SUPPLIED INFORMATION:
○ ○ ○

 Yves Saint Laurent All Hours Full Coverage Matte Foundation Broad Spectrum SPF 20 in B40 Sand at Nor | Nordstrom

○ ○ ○

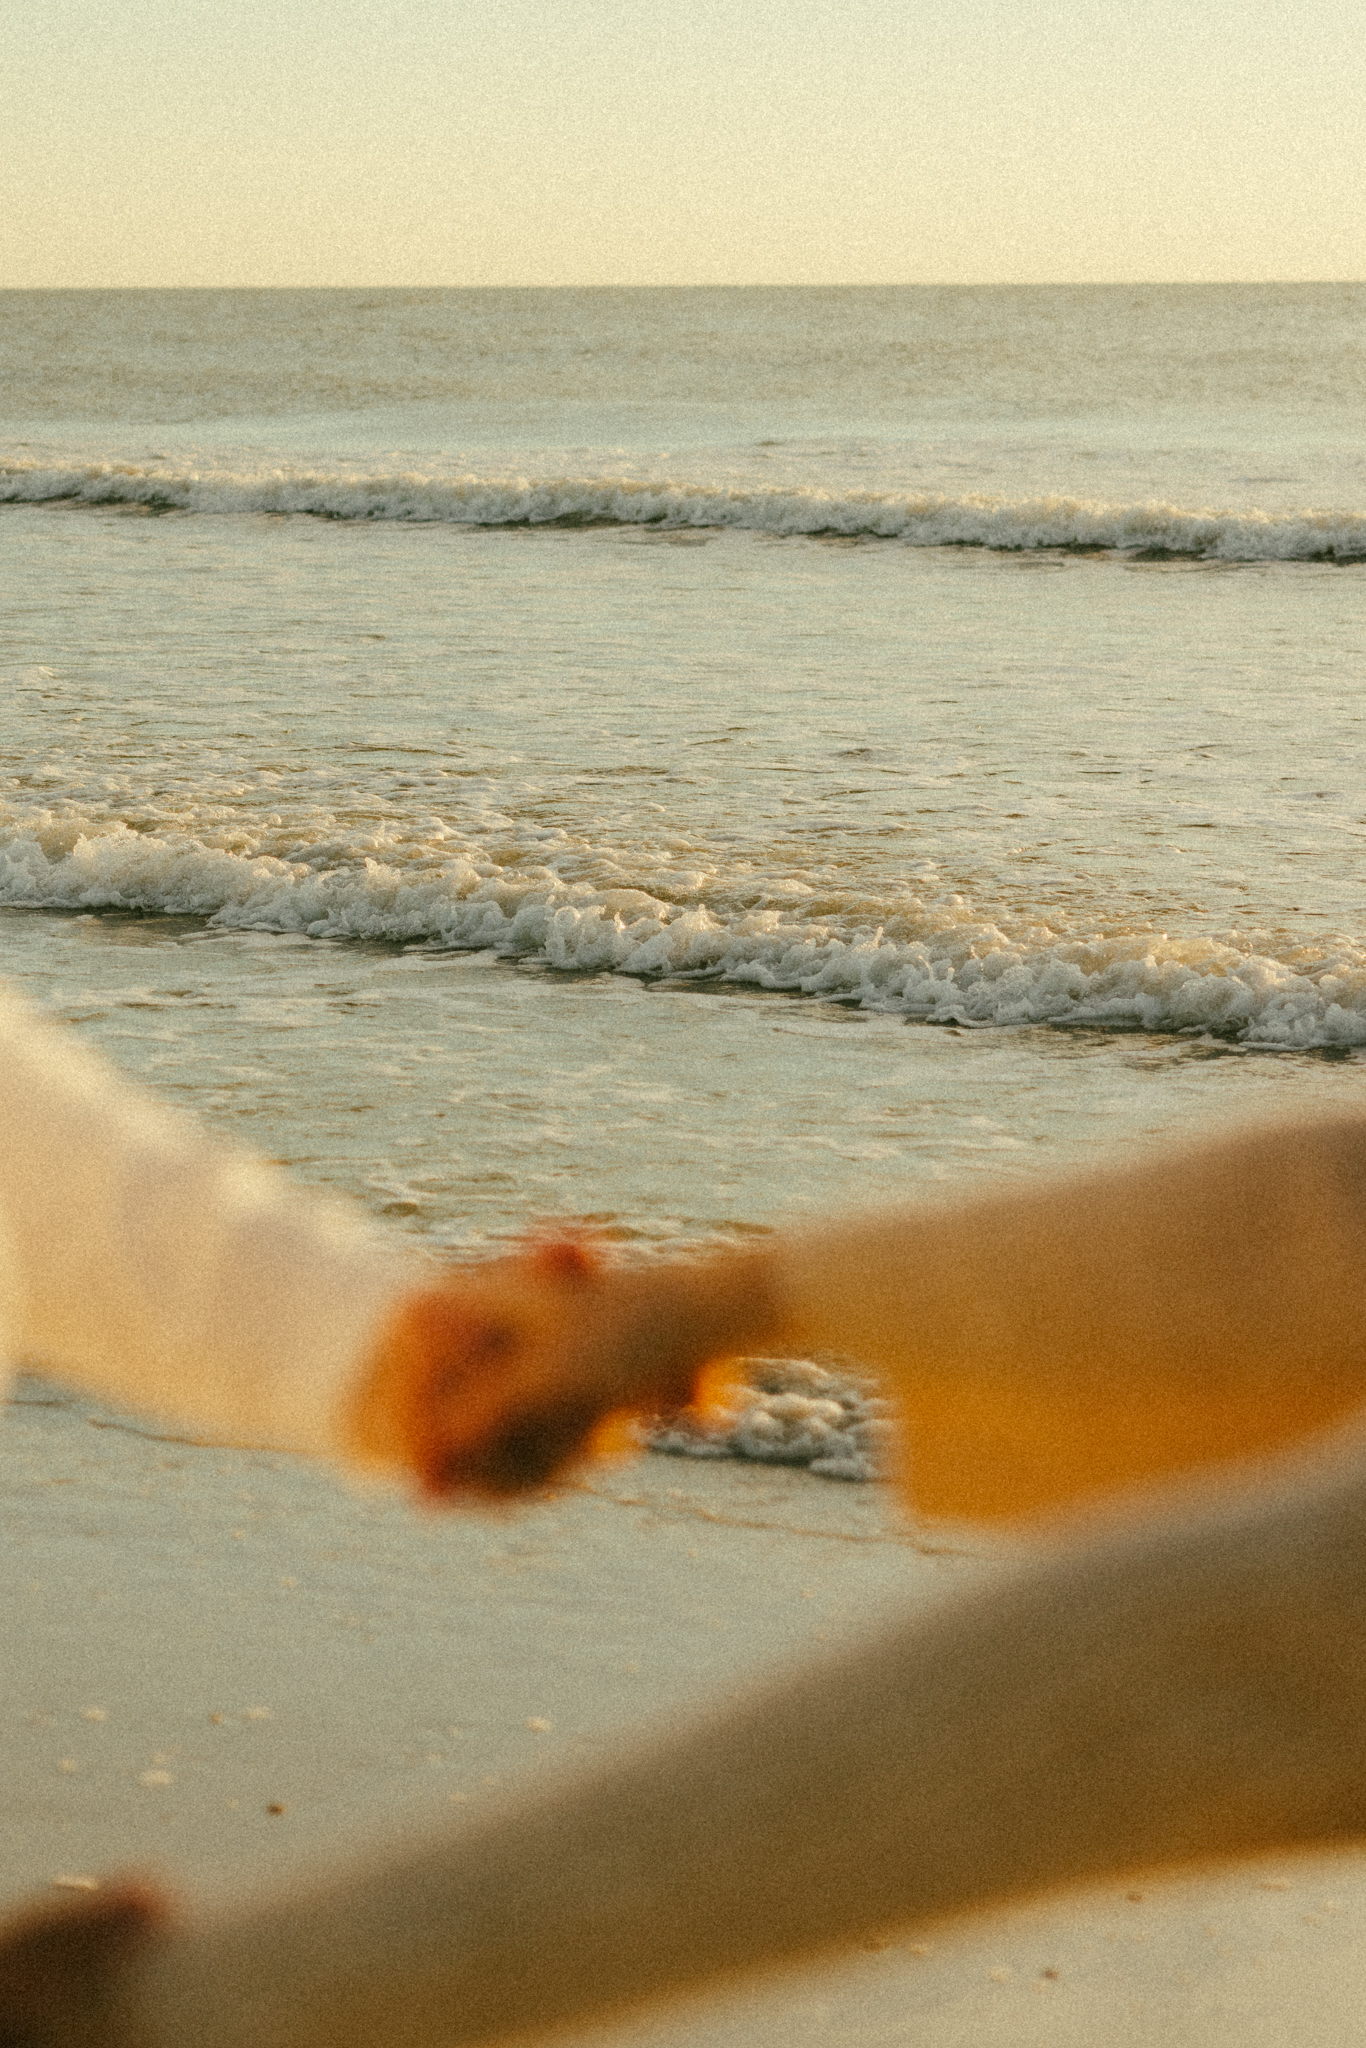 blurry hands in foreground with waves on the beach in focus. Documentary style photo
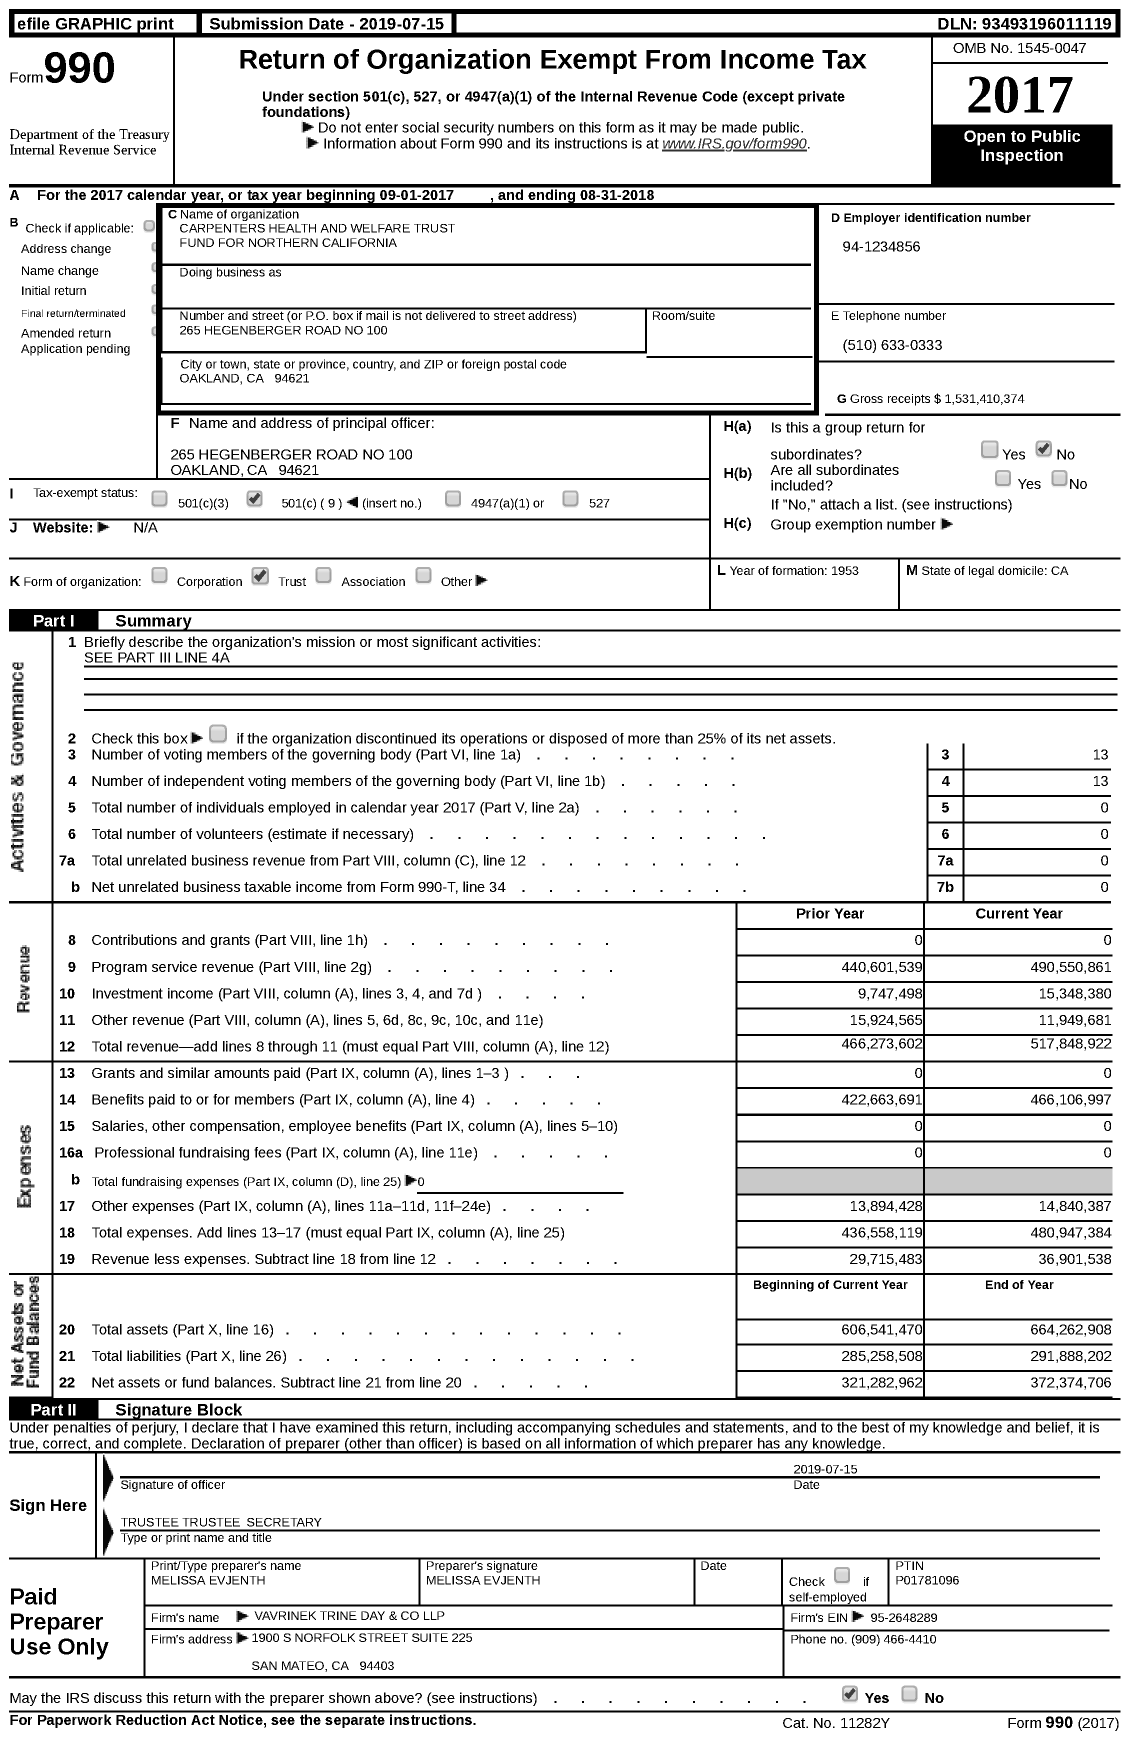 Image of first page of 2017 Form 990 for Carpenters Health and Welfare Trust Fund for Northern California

○ ○ ○

TASK STATEMENT:
In the material above, one part opens with the line containing "blurry hands in" and closes with the line containing "Image of first". Write out that part exactly and skip its pictures.

RESPONSE:
 blurry hands in foreground with waves on the beach in focus. Documentary style photo
 Image of first page of 2017 Form 990 for Carpenters Health and Welfare Trust Fund for Northern California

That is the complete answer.